The Chinese Nationalist Party (KMT) yesterday defended one of the contenders in the party’s mascot selection competition, whose design has received wide publicity due to its resemblance to a rubber chicken toy and incorporation of elements perceived to be sarcastic toward the KMT, saying that the designer did not mean to troll the party with her work.
The mascot in question, designed by an 18-year-old named Wu Ching-ping (吳婧萍), looks like a yellow chicken man with what appears to be a blue worm with the face of a baby on its chest and the KMT’s party emblem on its rump.
It was one of 10 designs chosen by two judges, who were on Aug. 3 invited by the KMT Youth Department to evaluate the competition’s 108 valid entries.
Photo courtesy of the Chinese Nationalist Party (KMT)
The department is to choose the top three designs next month based on the results of Facebook and street polls.
The “chicken” mascot design received attention from the moment the department launched the Facebook poll on Monday. As of press time last night, it had received more than 16,000 likes and been shared 3,200 times, compared with only hundreds of likes and dozens of shares for the other designs.
According to the competition’s rules, each like in the Facebook poll will be translated into one point, while designers are to receive five points for each share.
Some netizens said they believed that the “blue worm” is a direct reference to the demeaning nickname “blue maggot” (藍蛆) that some critics have used for KMT supporters, while others said that it was designed to insinuate that the KMT is a “parasite.”

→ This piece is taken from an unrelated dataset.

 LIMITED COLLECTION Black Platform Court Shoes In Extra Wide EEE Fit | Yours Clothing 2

Defending Wu’s design, department director Weng Shao-hui (翁紹輝) yesterday said that the designer is 18 years old and feels misunderstood by the public.

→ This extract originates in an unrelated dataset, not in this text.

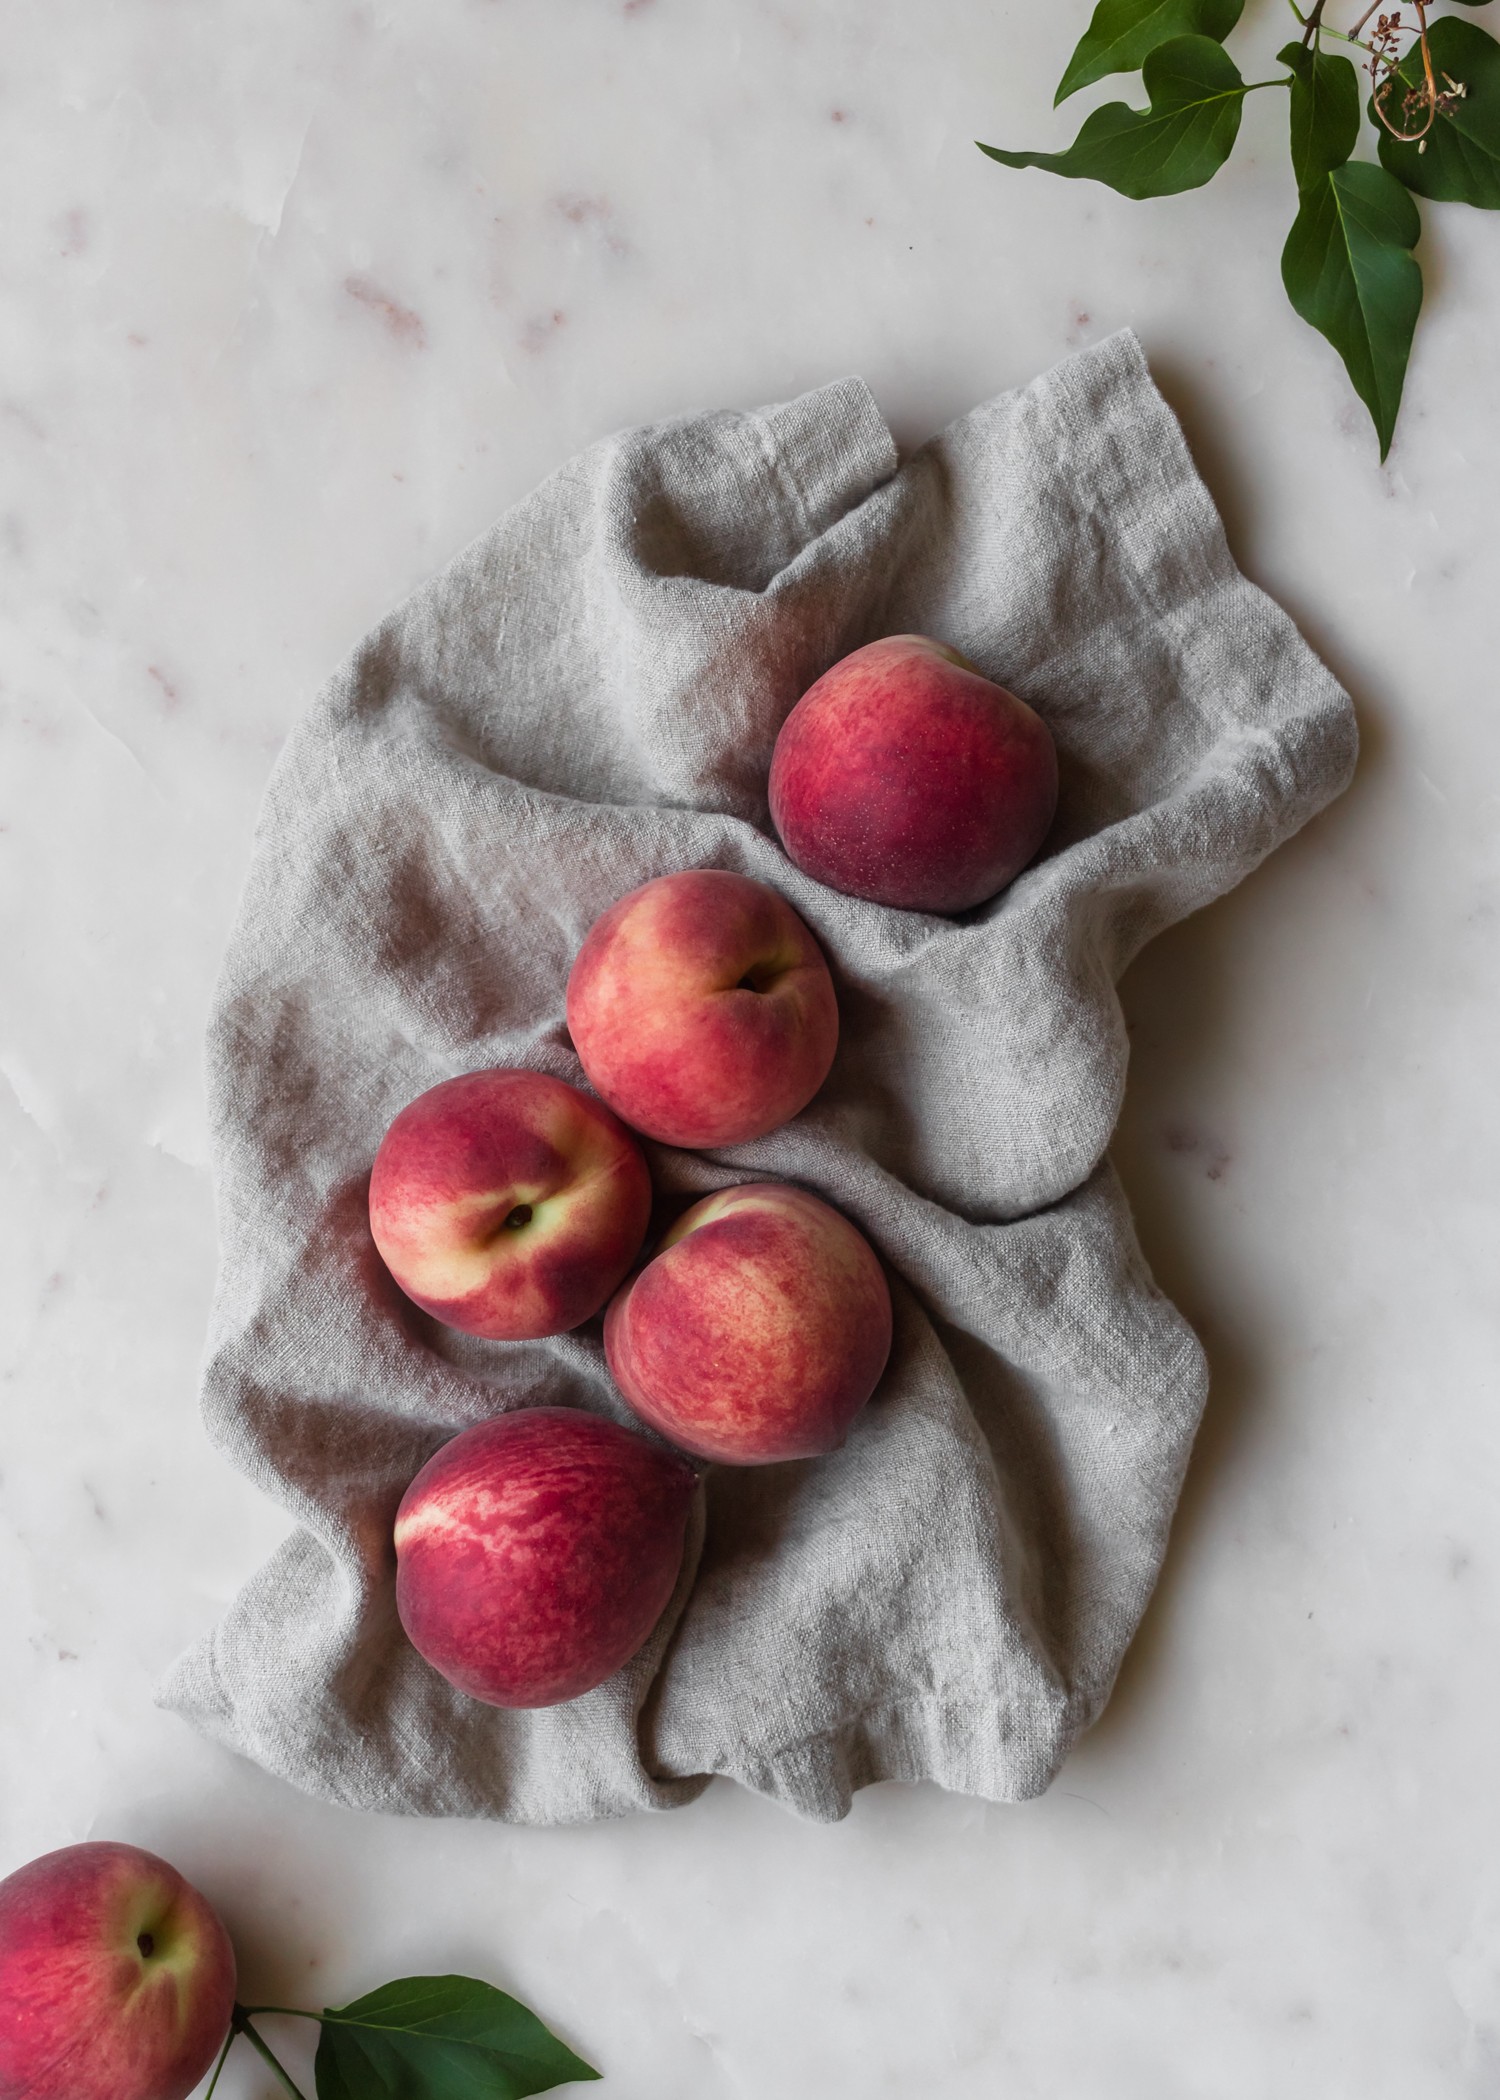 A bird's eye shot of peaches on a beige linen sitting on a marble counter next to green leaves.

“That is absolutely not a blue maggot,” Weng said when asked whether he agreed with netizens’ interpretations of the mascot’s design.
He added that Wu is grateful that the KMT did not cave to public pressure and take her design down.

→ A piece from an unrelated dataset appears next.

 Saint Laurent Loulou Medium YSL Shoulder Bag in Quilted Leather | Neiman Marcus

Weng said the “chicken” mascot’s popularity has its merits, given that some of the party’s candidates in the Nov. 24 local elections have approached Wu to ask for authorization to turn her design into a life-size cardboard cutout, including KMT Taichung mayoral candidate Lu Shiow-yen (盧秀燕).
In a video published online on Friday by the Chinese-language China Times, Wu said she chose the design because it has more potential to be funny and quirky than animals that are traditionally considered adorable, such as bears.
As for the “blue worm,” Wu said she wanted to combine elements of a chicken and a human being, so she decided to draw a human figure with blue curly hair, as blue represents the KMT.